There exists an “old saw” approach to Christianity that runs something like this: A long time ago Christians devoted themselves to practical matters of personal morality.  The early Church lived as a community of love devoted to good works.  Then, along comes ________ (this “blank” takes many forms — St. Paul, St. Athanasius, St. Augustine, etc.) and Christianity forever tainted itself with “theology” and a philosophical turn of mind completely at odds with the spirit of Christ and his early followers.”

I believe firmly in the idea that every organization gets the culture they deserve.  Perhaps the Church over time has contributed to the great error described above by focusing too much on morality as such and not on transformation.  Perhaps Christian education has concerned itself too much at various times with mere outward good results and good looks rather than giving a firm foundation in eternal principles.

But I also think that those that attack the “philosophical” elements of Christianity have a conscious or unconscious agenda to keep religion tucked away in its own small corner.  “You Christians please continue to be nice to each other and try and help others.  We’ll handle the big stuff.”

In his The Spirit of Medieval Philosophy Etienne Gilson sets out to refute those who wish to keep Christian belief in a 1124081small corner.  Gilson was a pre-eminent scholar and philosopher in his day, and alas for me, some of his philosophical vocabulary went over my head.  But one of the great strengths of his work is its simplicity.  He asks the critic to please, just actually read the Bible and Christian theologians honestly, and the idea that Christian belief was never “philosophical” melts away.

For starters we have the book of Job as a deep philosophical statement on the nature of suffering.  Many Old Testament history books like the book of Judges show artful arrangement to make pointed statements about the nature of man.  We have Ecclesiastes and many Psalms.  Some would say Jesus said nothing “philosophical” but this can only possibly hold water if one discounts the Gospel of John entirely.  Then of course we have the “dreaded” St. Paul who “intruded” with his theological cast of mind, and so on, and so on.

Gilson’s main point, however, deals with the Middle Ages.  Here most critics (at least in his day) stated that whatever philosophy the medievals attempted strictly copied from the Greeks.  They had no originality.  Gilson’s quick retort to this deals with the nature of originality itself.  In one sense, “all philosophy is a footnote to Plato,” as Alfred North Whitehead stated.  Of course the medievals took some ideas from the Greeks.  What philosopher would not?

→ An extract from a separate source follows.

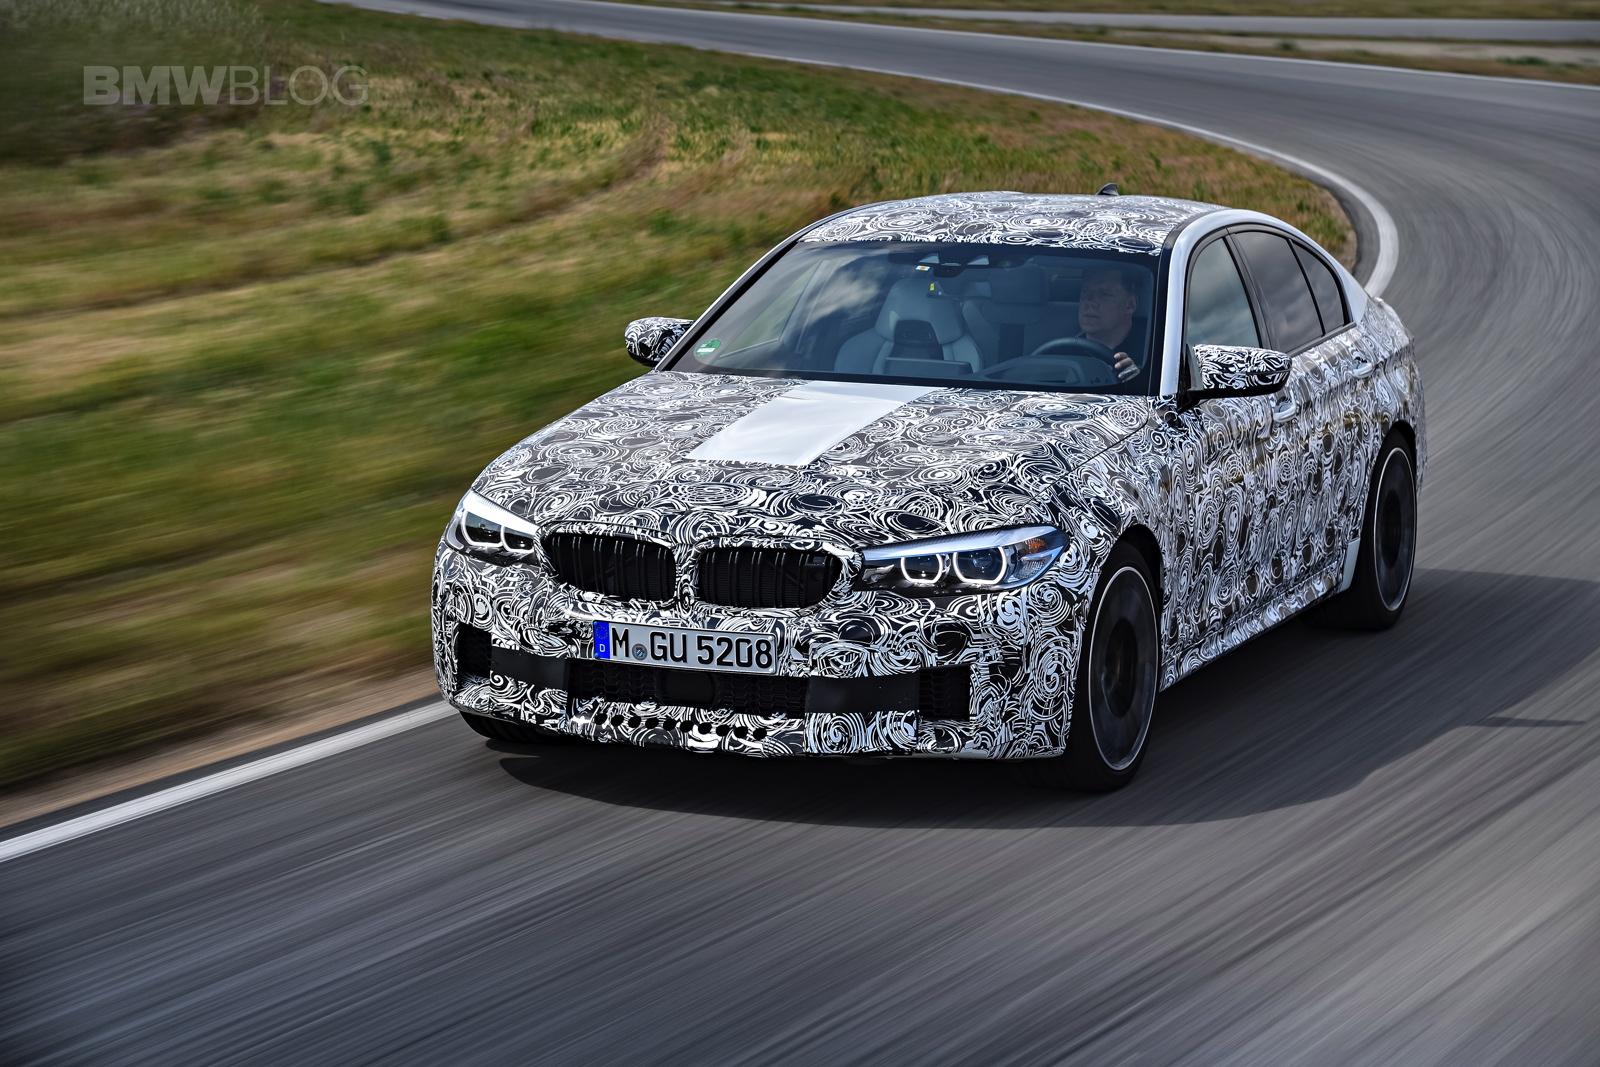 2018 BMW M5 pre production drive 24

Others (like Edward Gibbon) charge the medievals with dimming the light of reason with the obscurantism of faith and revelation.  Gilson shows with many examples that the bulk of medieval thinkers saw reason excited, not diminished by faith.  He writes,

By revealing to man what he could not actually know, revelation opens up the way for the work of reason.

God’s gift of rationality now has more to chew on, and thus gets more of a workout.  For the medievals revelation makes mankind more rational, not less.*

But the bulk of the book forms Gilson’s main point that the medievals creatively used and transmuted Greek philosophy rather than copied them rote.  They had a strong desire to save everything they could and use it for Christian purposes.  My favorite example of this comes from Boethius.  Gilson writes,

Fate had weighed too heavily on men’s mind’s to be too summarily dismissed.  Boethius took the trouble to put up some rather complicated architecture in order to ensure it a niche in the Christian temple.  Providence is then the divine intelligence comprehending all things in the world; that is to say their natures and the laws of their development.  As reunited therefore in the divine ideas the universal order is one with Providence; as particularized, broken up, and so to speak, incorporated with the the things it rules, the providential order may be called Fate.  All that is subject to Fate is thus subject to Providence, since Fate depends on Providence as a consequence on its principle.

Boethius himself wrote,

For as the innermost of several circles revolving around the same center approaches the simplicity of the mid-most point . . . while the outermost, whirled in an ampler orbit takes in a wider sweep of space–even so whatever departs from the Primal mind is involved more deeply in the meshes of fate, and things are free from fate in proportion as they seek to approach the center; while if aught cleaves close to the supreme mind in absolute fixity, this too, being free from movement, rises above Necessity.  Therefore as is reasoning to pure intelligence, as that which is generated to that which is, time to eternity, a circle to its center, so is the shifting series of fate to the steadfastness and simplicity of providence.

I admit I don’t fully understand it, nor do I buy what he sells. Whatever the explanation it seems best to avoid the word “Fate” altogether.  But who wouldn’t smile at Boethius’ boyish enthusiasm and deft mental gymnastics.  Aquinas, a more mature and clearer thinker than Boethius, rejects this concept of Fate as well.  I’m sure that Aquinas understood him, and I’ll stick with him.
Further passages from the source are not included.